Natural post-translational modifications (PTMs) to proteins expand the chemical groups available to proteins, modulating both structure and function. They can be critical in a range of pathways with diverse biological effects. The ability to expand post-translational functional group diversity in an unbounded manner could therefore, in principle, allow exploration and understanding of even more diverse effects in modulating biological function. Known, natural PTMs feature bonds to heteroatoms (non-carbon) made at the g (Cys Sg, Thr Og, Ser Og) or w (Lys Nw, Tyr Ow) positions of sidechains. Yet, one of the central features of living ‘organic’ matter is that it exploits carbon’s ability as an element to catenate (typically through C(sp3)–C(sp3) bond formation) — providing one of nature’s most important structural motifs. As all amino acid side-chains contain this C–C bond, mastering its construction on proteins could allow free-ranging structural alteration of residues in proteins (both natural and unnatural) that could be considered a near unlimited form of synthetic biology and a new form of ‘chemical mutagenesis’. [Science 2016, 354, 597];[Nature 2018, 563, 235]

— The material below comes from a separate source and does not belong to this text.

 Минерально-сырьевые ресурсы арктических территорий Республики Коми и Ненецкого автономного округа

In principle, carbon(sp3)-carbon(sp3) disconnections at the b,g C–C bond in side-chains would allow the chemical installation of not only natural amino acid residues but also PTM variants and a wide range of unnatural amino acids. We will explore whether such amino acid residues can be introduced in a site-selective manner genetically, biosynthetically or chemically.

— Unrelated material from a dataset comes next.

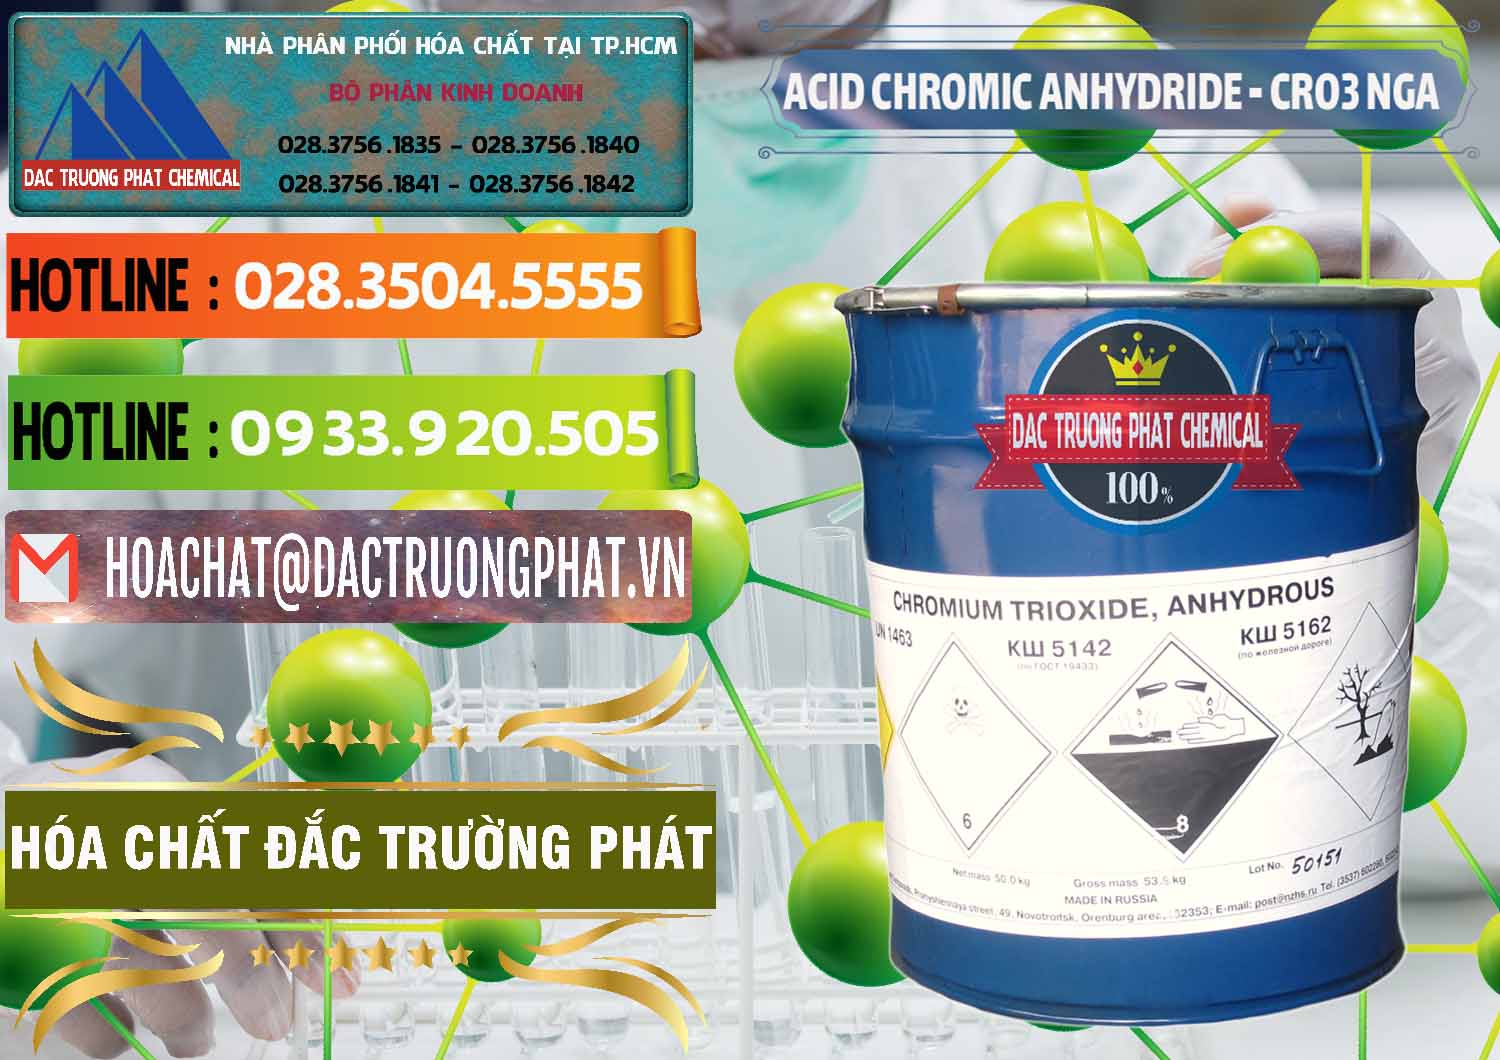 Cty chuyên kinh doanh và bán Acid Chromic Anhydride - Cromic CRO3 Nga Russia - 0006 - Công ty chuyên cung cấp _ kinh doanh hóa chất tại TP.HCM - cungcaphoachat.com.vn

A range of radicals R• can allow the design of amino acids in peptides and proteins with site- and regio- selectivity. Mechanistic analysis should allow us to discover conditions for suitable ‘quenching’ of radical intermediates. Radicals should also be stable too to the presence of charged or polar protic (e.g. OH, NH) functionality in Biology. The use of sidechain reagents should therefore prove possible without protection, testing not only exquisite chemoselectivity but also compatibility with common biological groups. This could allow Biology to be explored in an unique manner allowing even the re-programming and examination of Biology in living systems.